Some significant dates and developments

We know almost nothing about the actual playing characteristics of European flutes from before 1500. There are a number of written references to, and depictions of, transverse flutes in the 14th century, but little mention of of them in the 15th. No instruments from these periods are known to survive.

Tenor renaissance flute, after instruments in Brussles,
by Plilippe Allain-Dupre

We find the first written descriptions of how to play flutes from the 16th century. And there are a number of surviving instruments from that period that can be studied, perhaps played to some extent, and measured and copied.

The renaissance flute, the type of instrument used in Europe from roughly 1500 to 1650 or so, can be admired for its sophisticated capabilities within a simple and basic form. The instrument has a narrow cylindrical bore with only an embouchure (mouth hole) and six small tone holes. It uses a somewhat different fingering system than that found on other six-hole flutes, which might otherwise appear to be similar. See Renaissance flutes.

One does not hear much about the transverse flute in the 17th century until near the end.

One-key flute after Hotteterre by Roderick Cameron
One-key flute stamped 'LOTZ', mid-18th century

The flute was dramatically remodeled in the late 17th century to make it more suitable for playing the type of music that violins were playing. The new flute had a conical bore and one key for the little finger of the right hand. It was very different from the renaissance flute; as different, say, as the Boehm flute was from the simple system instruments of its time. See Baroque flutes.

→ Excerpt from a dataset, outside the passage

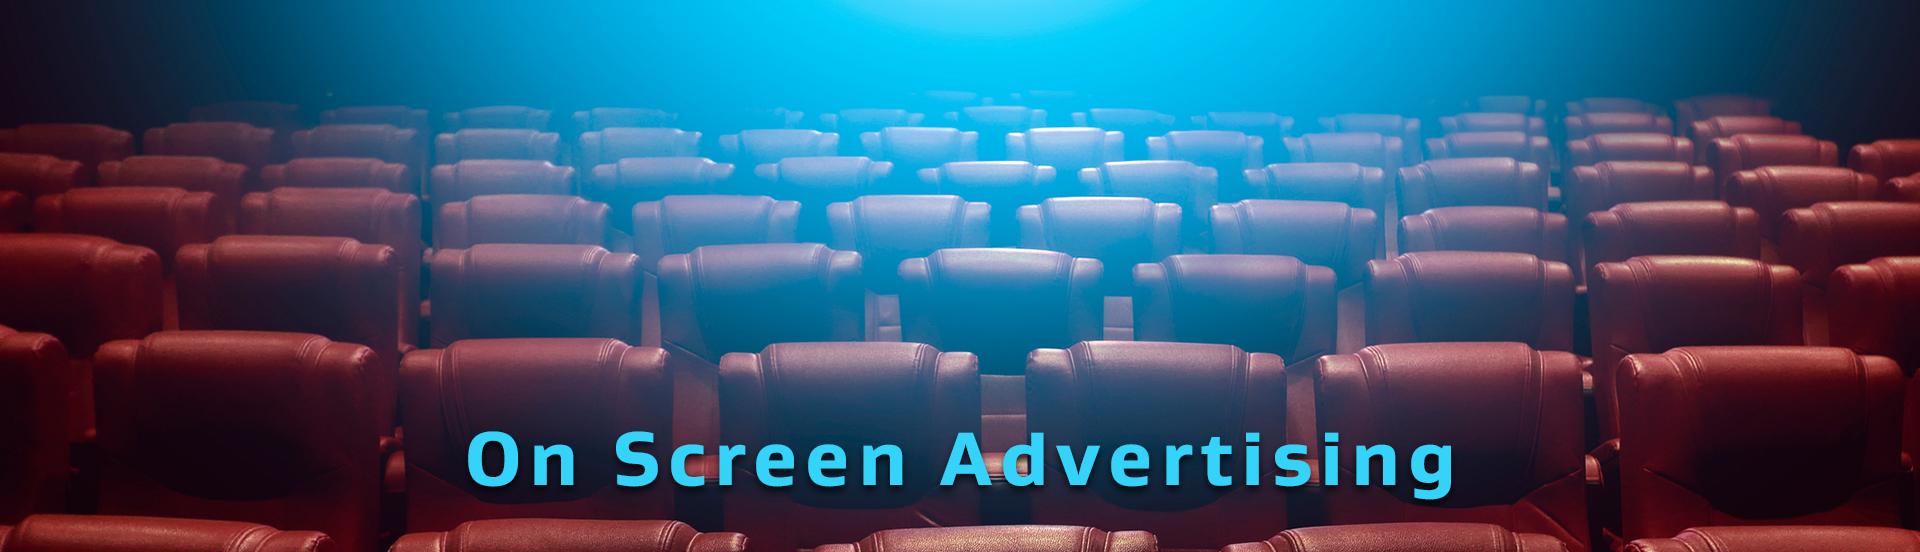 Desktop hero image for On Screen Advertising

While the one-key flute continued to be used throughout the late 18th and entire 19th century, makers began to add keys to some models, at first in England. The keys elimated the need for "forked fingerings" and made the flute more even. Changes in the bore (whether keys were used or not) produced brighter sounding flutes (particularly in Germany) and flutes with easier high notes (particularly in France), while bore changes plus larger tone holes and the use of keys produced louder flutes (particularly in England). These changes were evolutionary rather than dramatic or revolutionary. See Classical flutes.

The 19th century was a time of great differences in national styles. See 19C keyed flutes, III.

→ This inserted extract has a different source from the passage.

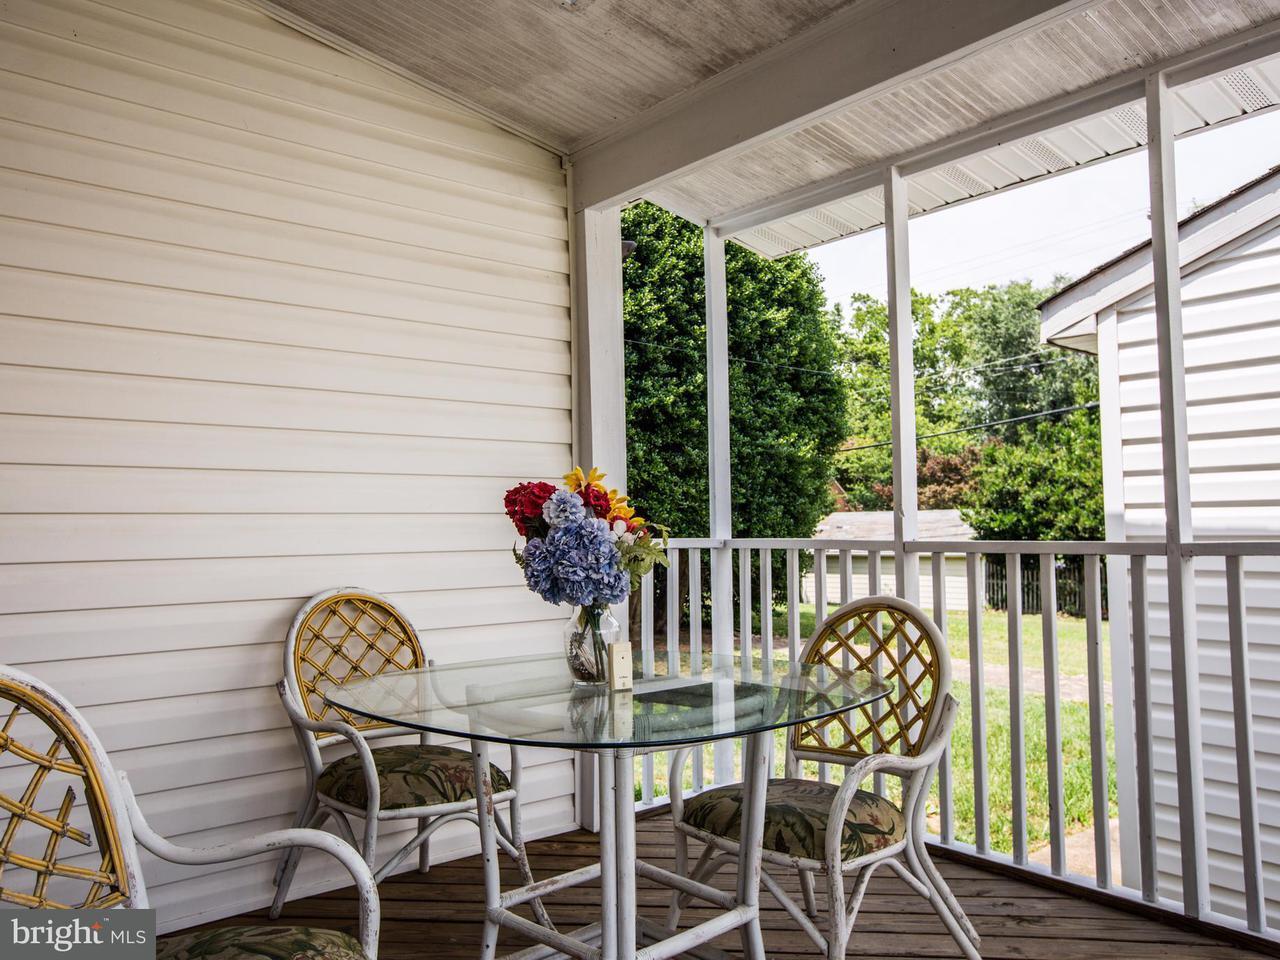 Additional photo for property listing at 1209 Littlepage Street 1209 Littlepage Street Fredericksburg, バージニア 22401 アメリカ合衆国

Theobald Boehm's first commercial model had "scientifically placed" holes, as well as a revolutionary new mechanism and fingering system. But it retained the conical bore and some of the sound of the ordinary flute. A huge change occured later when Boehm applied his mechanism to a cyclindrical tube with larger holes. See The Boehm flute in the 19th century. A number of professional players took up the Boehm flute in France, and the Boehm or another "modern flute" in England. But the Boehm flute was not common or popular for many years in Germany and other parts of Europe.

Experiments with the design of flutes and other instruments have always taken place, but these grew exponentially in the 19th century. There were numerous experiments before Boehm, and many more after his work. The primary goals of almost all of the innovators were flutes that were louder and more even in tone; facility was also of great importance.

Radcliff system flute by Rudall Carte, London, 1927

The French took to the Boehm flute relatively early. The Germans mostly ignored it for several decades. The English were impressed with the sound but some disliked the fingering and used Boehm-influenced flutes incorporating some of the old fingering. See The Boehm flute in the 19th century. Many of the English "modern flutes" and "hybrid" systems are very clever and allow great facilty. They eventually lost out to the Boehm flute in part because of the complexity of their mechanism, not because of their sound. See English modified simple system, "hybrid", and "modern" flutes.

Some 19th century German players and conductors did not like the sound of the Boehm flute; they prefered the character and tonal flexibility of the conical bore (and many players did not want to change fingering). Late in the 19th century, highly mechanized conical models were introduced that were louder and more even, in order to compete with the Boehm flute. See Further development of the simple system; Reform flutes.